Our results evidence that North Africa has not only acted as a sink of different human migrations, but also as a source and as a bidirectional corridor. North Africa’s role as a corridor is evidenced by the European lineages mentioned earlier that crossed the Gibraltar strait and the Sahara and are nowadays present in both North African and sub-Saharan populations. Our results, in agreement with previous studies19, also indicate that some lineages took the opposite direction. In fact, most of the North African clades with sub-Saharan origin contain sequences sampled in Europe (Suppl. Figs. 2124). Finally, North Africa’s role as a source is evidenced by the presence of the autochthonous M1 and U6 sequences outside North Africa. Our results, despite focusing just on lineages present in the Aurès region, point to a roughly uninterrupted geneflow from North Africa mainly towards Southern Europe, since at least ~ 5000 ybp as suggested by the coalescence ages inferred from most of the European specific U6 and M1 clades observed. This agrees with previous results that point out higher historic spreads of North African lineages possibly during Phoenician rule, the Roman empire or the Arab expansion19.
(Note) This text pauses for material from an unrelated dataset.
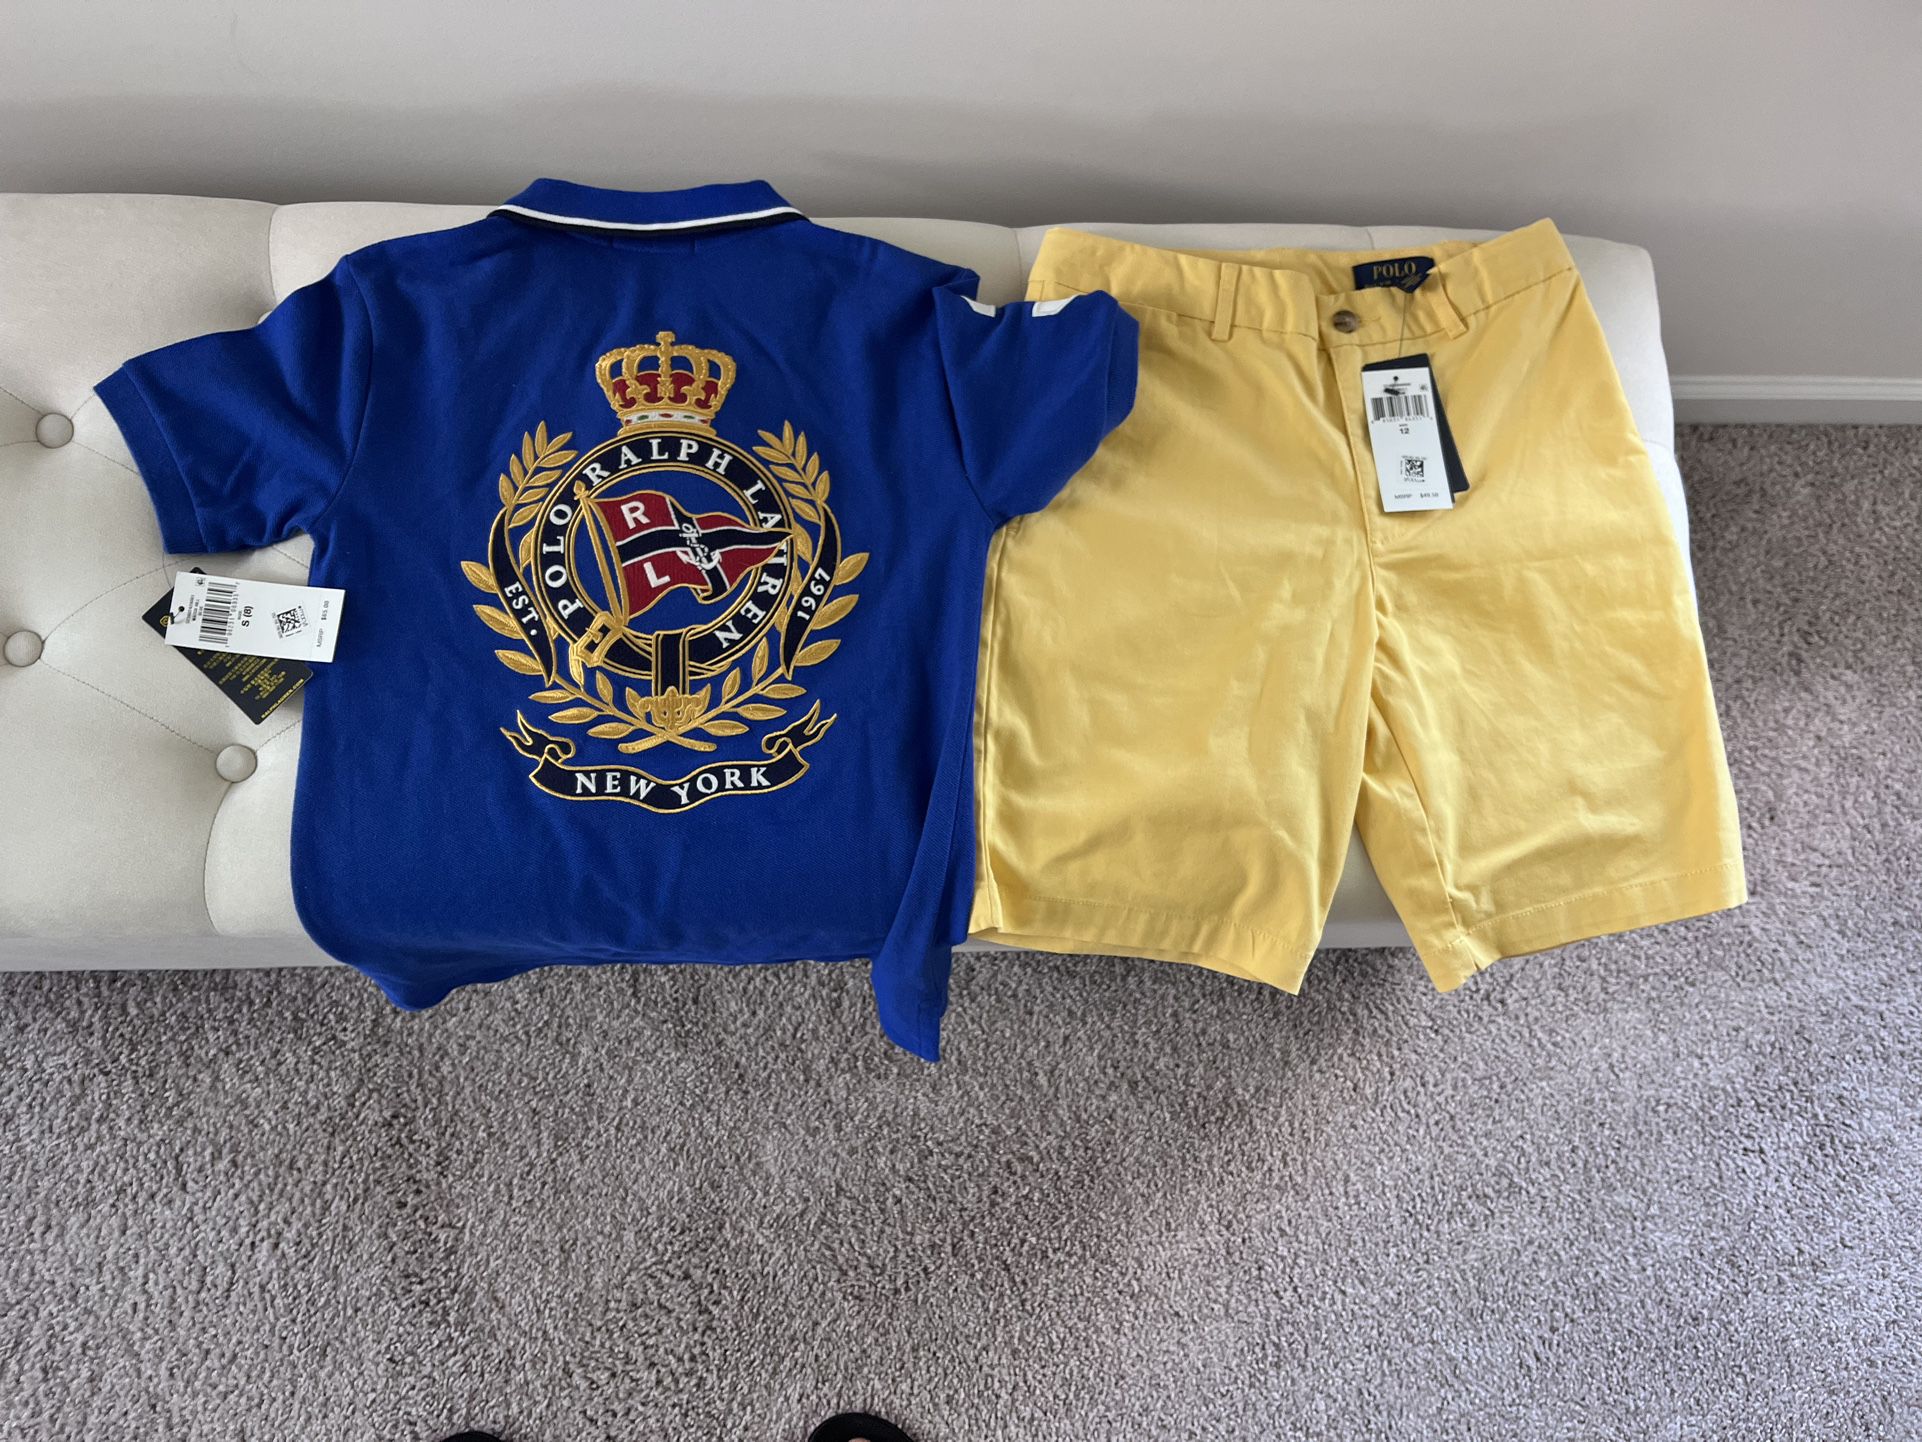 Kids Ralph Lauren Outdit Shirt Sz(8) And Shorts Sz (12)

This present work, despite the multiple studies focused on specific haplogroups within North Africa15,17,18,21,58, constitutes the first population-based whole mitogenome study of a mainland North African population. This, although it represents a positive effort to increase the representation of undersampled populations in public databases and in the literature, can also give rise to potential limitations. Due to the limited number of publicly available mitochondrial genomes from sub-Saharan Africa and North Africa in comparison with Europe, we need to be cautious when interpreting these results, since African populations remain largely uncharacterized from a population genetics standpoint and some of the phylogeographic inferences might change with the addition of more genetic data.